Мирослав Понизовский. 1 августа 2002 года. Париж
Этого парня Мирослав приметил еще во время
первой проверки документов, сразу после прилета. В аэропорту Шарль де Голль так
уж заведено, что паспортный контроль проводится практически дважды: сначала на
выходе из «рукава», соединяющего прилетевший самолет с территорией аэропорта,
то есть фактической территорией Французской республики, но здесь он проводится
бегло, лишь в первом приближении, а потом, уже толком, – в отведенных для
этого будочках, со всеми необходимыми атрибутами: пристальным вглядыванием в
лица, поисками по компьютеру, не зарегистрирована ли фамилия прилетевшего
русского в полицейских анналах... Ну и всякое такое.
Очередь русских, желающих как можно скорей
попасть на французскую землю, спешила, люди теснились и напирали, нервная
особа, стоявшая сзади Мирослава, порою подталкивала его довольно-таки сильно, и
одним из таких толчков Мирослав был плотно притиснут к стоящему впереди него
парню в светло-зеленой рубахе, с темно-русыми волосами. В шов, пересекавший
спину рубашки, была вшита фирменная марочка магазина «Буртон», и Мирослав невольно
сказал себе: «Ого!» «Буртон» соседствовал с Галери Лафайет и лишь незначительно
отличался уровнем цен. Мирослав и сам любил этот небольшой изысканный магазин.

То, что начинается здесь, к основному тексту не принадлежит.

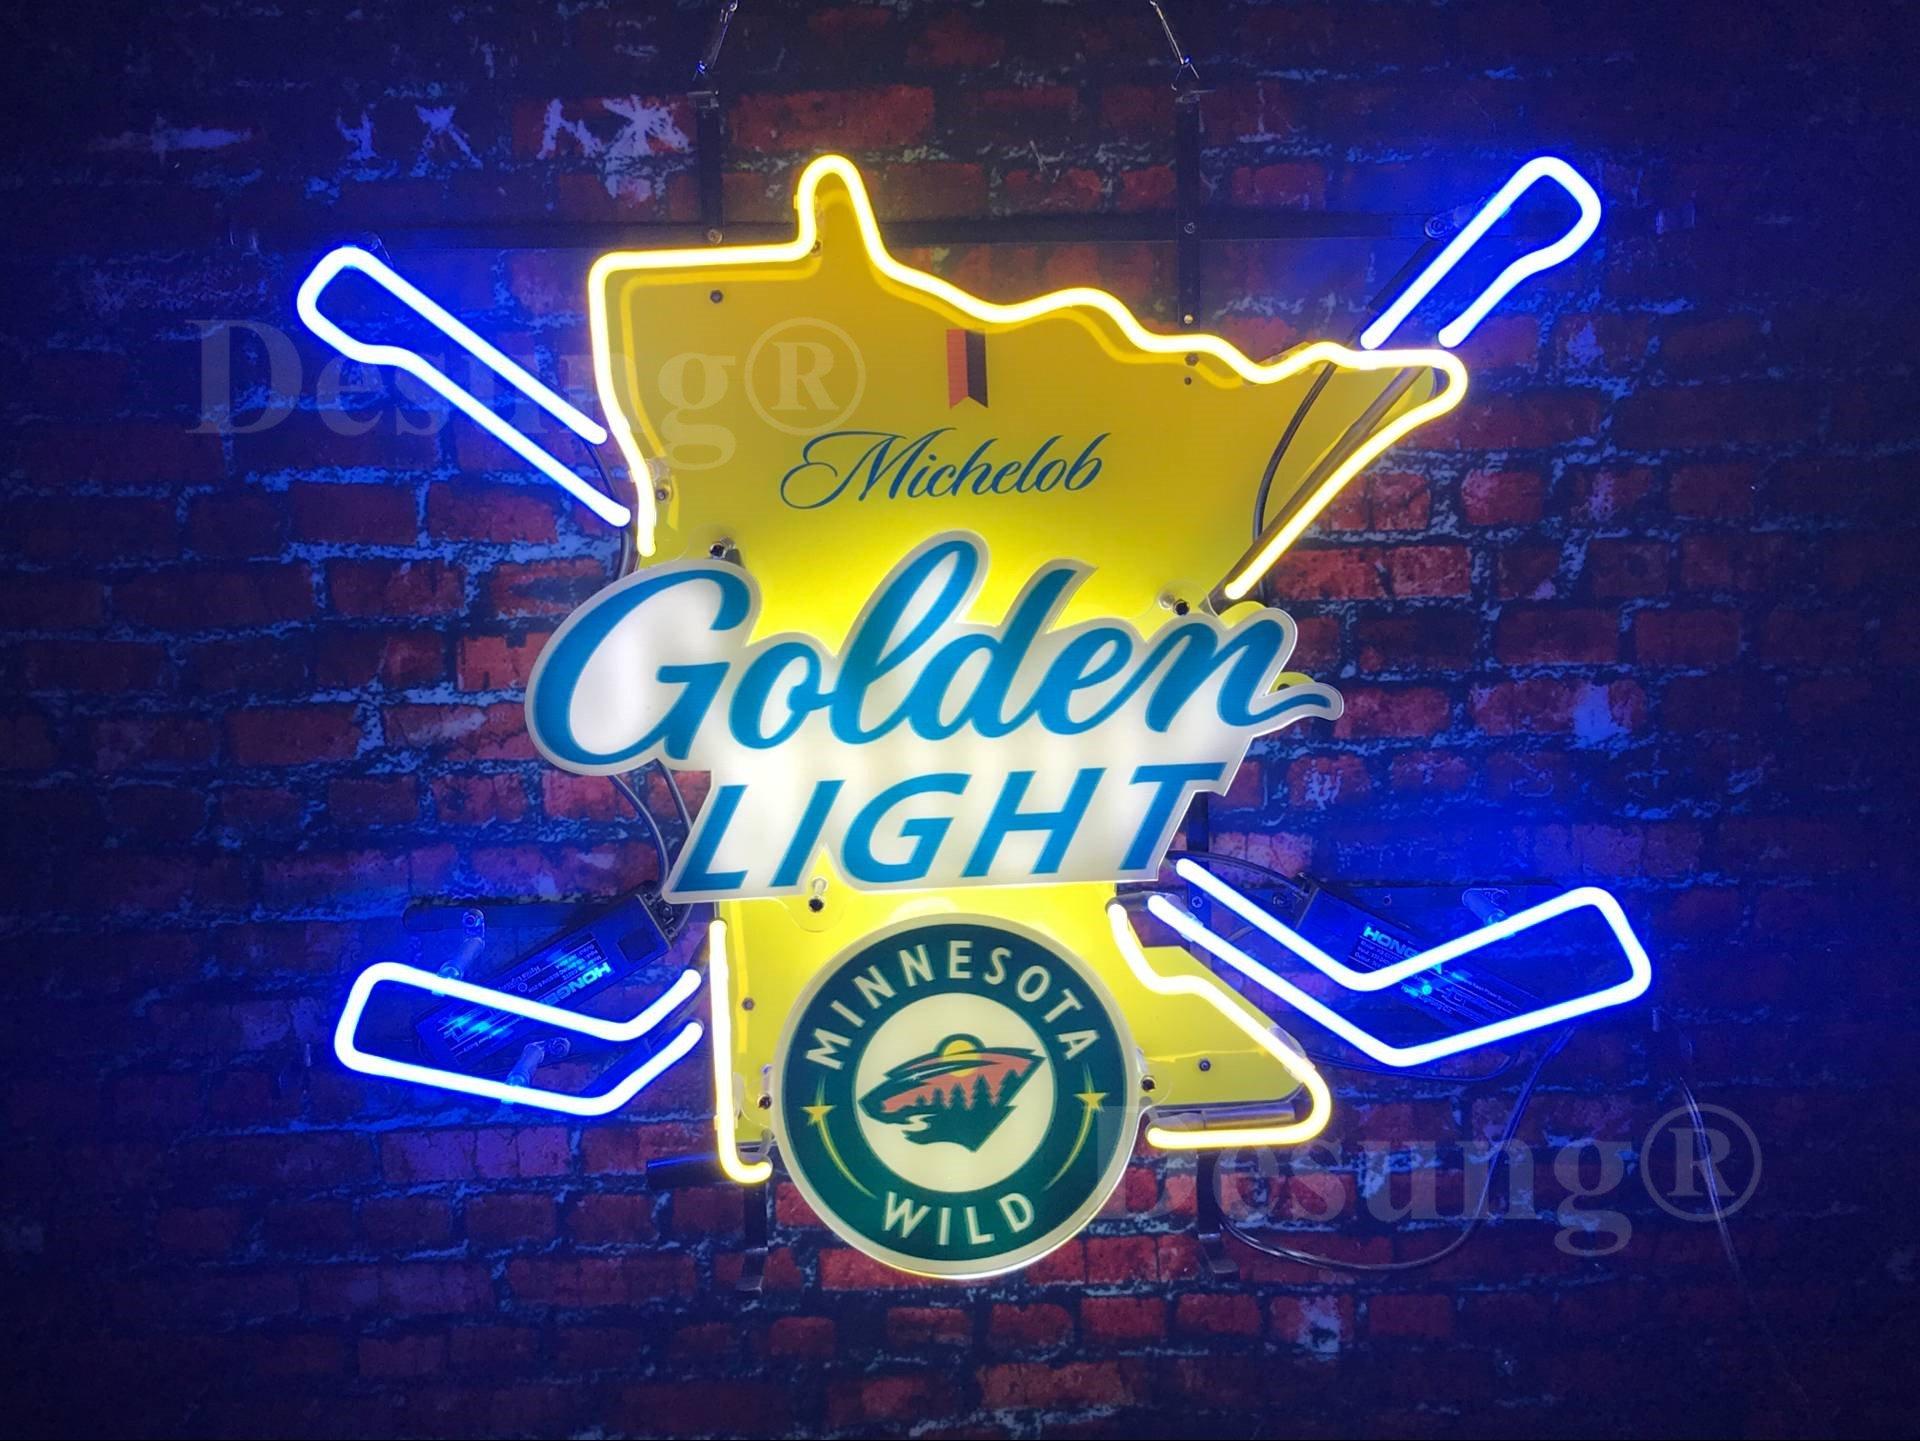 Desung New 24''x20'' Sports MW Team G olden Light Neon Sign Man Cave Signs Sports Bar Pub Beer Neon Lights Lamp Glass Neon Light DX16

В эту минуту парень подавал пограничнику свой
паспорт. Мирослав нечаянно, поверх его плеча, прочитал фамилию и имя,
напечатанные в документе: Alexej Chvedov.
«Что еще за Чведов? Что за фамилия такая
диковинная?»
Но тут же он вспомнил, что в загранпаспортах
фамилии и имена пишутся не по-английски, а по-французски. И буквосочетание «ch»
звучит не как «ч», а как «ш». То есть Chvedov означает на самом деле
обыкновенный «Шведов», а никакой не «Чведов».
Означает – ну и хорошо, эта информация не
имела никакого значения для Мирослава, поэтому он мигом выбросил
Чведова-Шведова из головы и, достав мобильник, в сотый раз попытался
дозвониться до Николь. Никто не взял трубку в ее квартире, не ответил и
сотовый. Само по себе это ничего не значило, однако Мирослав встревожился бы...
если бы не был и без того встревожен до предела. Нервы свои он ощущал физически,
и они напоминали что-то вроде размахрившихся веревок.
«Возьми себя в руки!» – в сотый же раз сказал
себе Мирослав и попытался хоть как-то отвлечься от навязчивой мысли: что
произошло с Николь? Догадок он настроил столько, что их хватило бы на сооружение
египетской пирамиды средних размеров, и снова ковыряться в причинах внезапных
вспышек гнева любимой женщины не было никакого смысла. Мирослав по опыту знал:
они с Николь непременно поладят, им главное – все спокойно обсудить! Но до
этого момента еще надо было дожить, и поэтому Мирослав принялся изо всех сил
рассеивать свое зацикленное сознание, отвлекаться от своей идеи фикс.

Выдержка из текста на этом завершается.